Это возможно, потому что PageRank был формой собственного значения, и именно поэтому MapReduce представил. Но есть ли проблемы в реальной реализации, например, каждый подчиненный компьютер должен поддерживать копию матрицы?
Как реализовать вычисление собственных значений с помощью MapReduce/Hadoop?
Ответ 1
PageRank решает проблему доминантного собственного вектора, итеративно находя установившееся состояние дискретного потока сети.
Если NxM-матрица A описывает вес связи (количество потока) от node n до node m, то
p_{n+1} = A . p_{n}
В пределе, когда p сходится к установившемуся состоянию (p_n + 1 = p_n), это задача собственного вектора с собственным значением 1.
Алгоритм PageRank не требует, чтобы матрица сохранялась в памяти, но неэффективна для плотных (не разреженных) матриц. Для плотных матриц MapReduce является неправильным решением - вам нужна локальность и широкий обмен между узлами - и вам следует вместо этого взглянуть на LaPACK и MPI и друзей.
Вы можете увидеть рабочую реализацию pagerank в библиотеке wukong (потоковая передача для рубинов) или в Подструктура Heretrix pagerank. (Код irctrix выполняется независимо от Heretrix)
(отказ от ответственности: я автор wukong.)
Ответ 2
Преамбула:
Учитывая правильную секвестрацию данных, можно добиться результатов параллельных вычислений без полного набора данных на каждой машине.
Возьмем, например, следующий цикл:
for (int i = 0; i < m[].length; i++)
{
for (int j = 0; j < m[i].length; j++)
{
m[i][j]++;
}
}
И учитывая матрицу следующего макета:
j=0 j=1 j=2
i=0 [ ] [ ] [ ]
i=1 [ ] [ ] [ ]
i=2 [ ] [ ] [ ]
Параллельные конструкции существуют таким образом, что столбцы J могут быть отправлены на каждый компьютер, а отдельные столбцы вычисляются параллельно. Трудная часть распараллеливания возникает, когда у вас есть петли, содержащие зависимости.
for (int i = 0; i < m[].length; i++)
{
for (int j = 0; j < m[i].length; j++)
{
//For obvious reasons, matrix index verification code removed
m[i][j] = m[i/2][j] + m[i][j+7];
}
}
Очевидно, что цикл, подобный приведенному выше, становится чрезвычайно проблематичным (обратите внимание на матричные индексы.) Но существуют методы для разворачивания этих типов циклов и создания эффективных параллельных алгоритмов.
ANSWER
Возможно, Google разработал решение для вычисления собственного значения без сохранения копии матрицы на всех подчиненных компьютерах. -Or- Они использовали что-то вроде Монте-Карло или какой-то другой Аппликационный алгоритм, чтобы разработать "достаточно близкий" расчет.

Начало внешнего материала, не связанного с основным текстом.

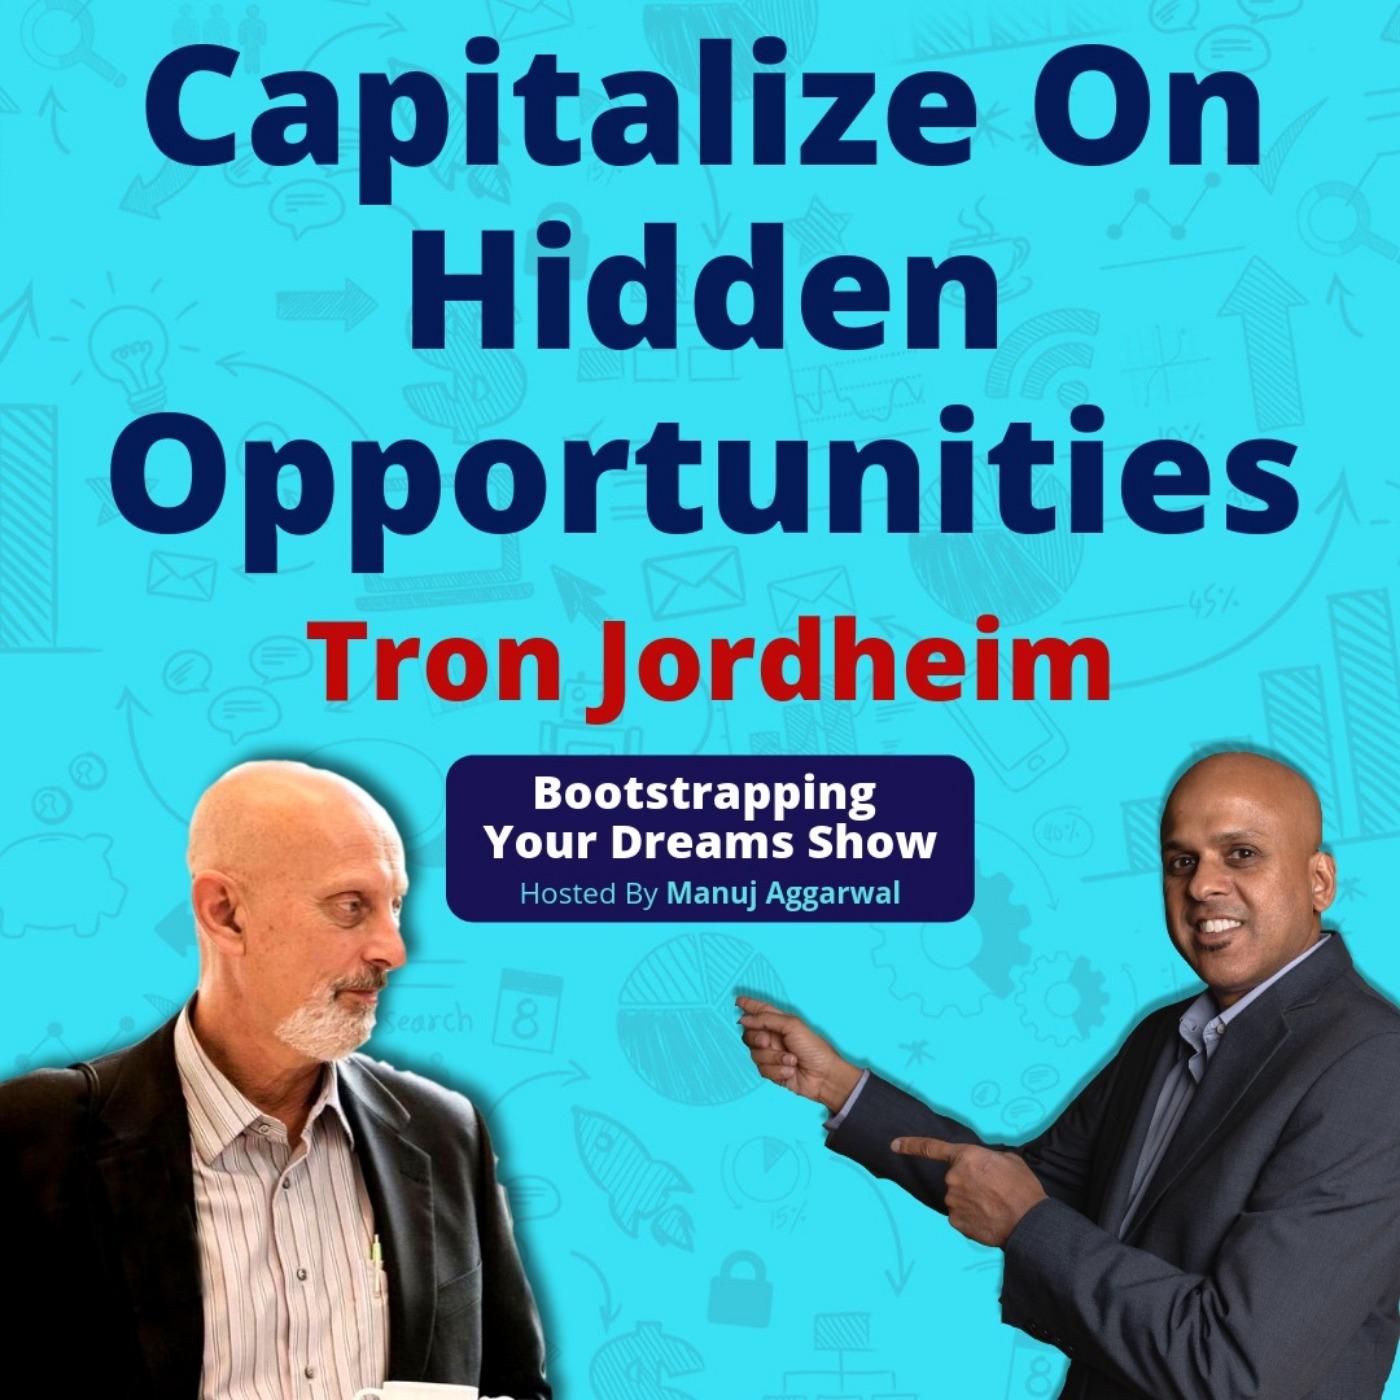 086 | Unique Business Opportunities In Real Estate | Capitalize On Hidden Opportunities | Tron Jordheim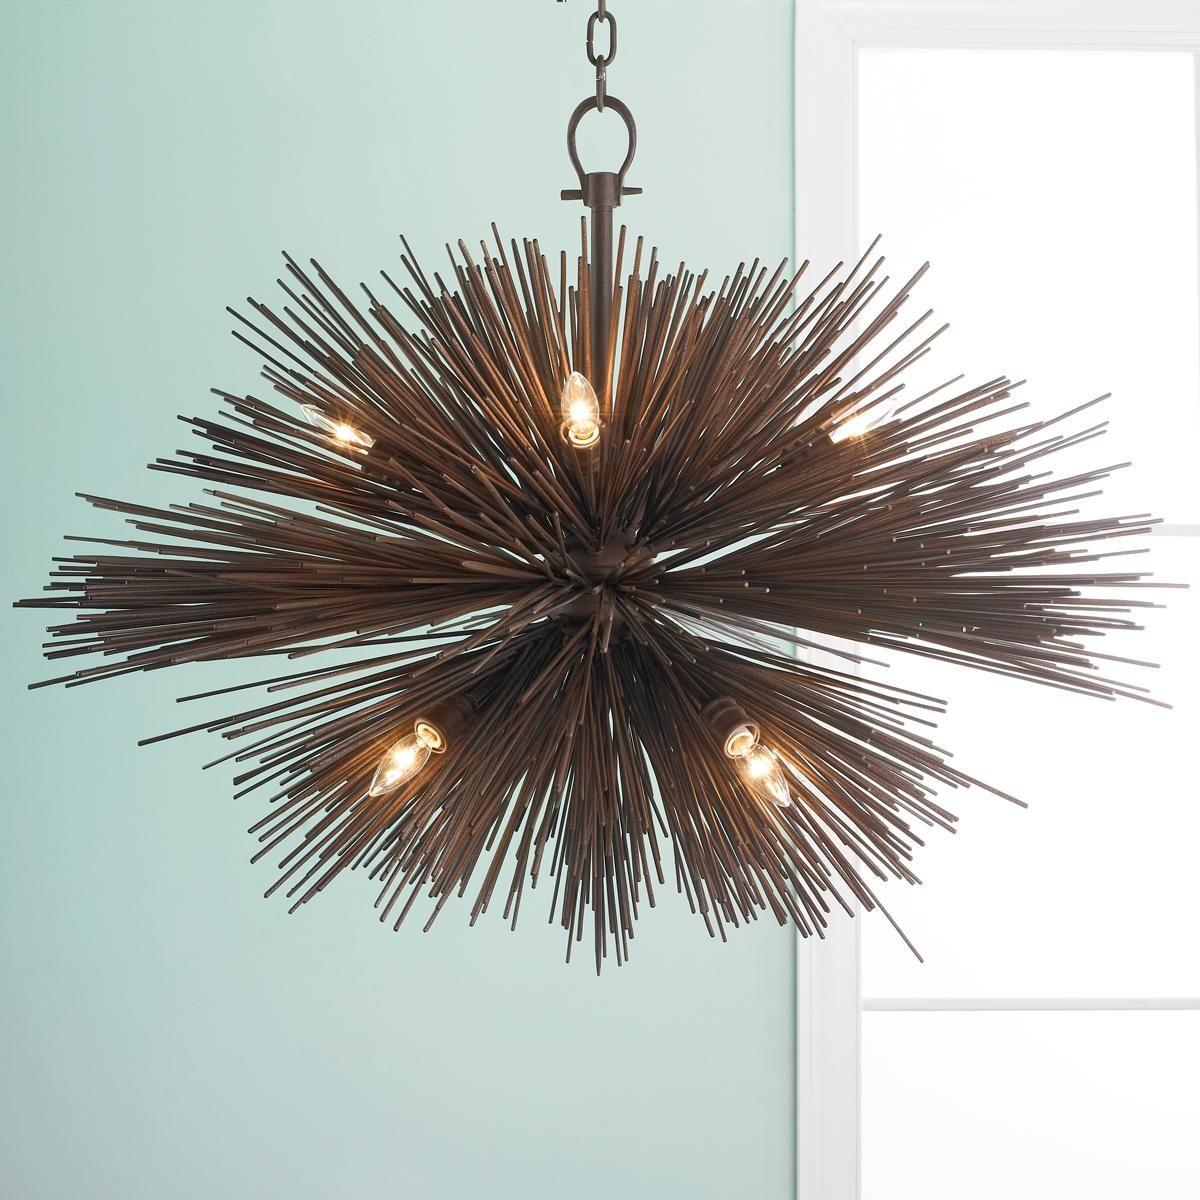 Spike Chandelier Medium Bronze Iron Spikes Burst Into A Modern Urban Style To Create This Dramatic Dining Room LightingDining

Фактически, я бы зашел так далеко, что сказал, что Google пойдет как можно дольше, чтобы сделать любой расчет, необходимый для их алгоритма PageRank как можно более эффективным. Когда вы запускаете такие машины, как эти и this (обратите внимание на кабель Ethernet), вы не можете передавать большие наборы данных (100s концертов), потому что это невозможно с учетом их аппаратных ограничений товарных карт NIC.
С учетом сказанного, Google хорошо удивляет сообщество программистов, и их реализация может быть совершенно иной.
постамбула
Некоторые хорошие ресурсы для параллельных вычислений будут включать OpenMP и MPI. Обе параллельные реализации подходят к параллельным вычислениям из очень разных парадигм, некоторые из которых связаны с реализацией машины (кластер или распределенные вычисления).
Ответ 3
Я подозреваю, что он неприемлем для большинства матриц, кроме тех, которые имеют специальные структуры (например, разреженные матрицы или единицы с определенными блочными шаблонами). Там слишком много связей между матричными коэффициентами и собственными значениями.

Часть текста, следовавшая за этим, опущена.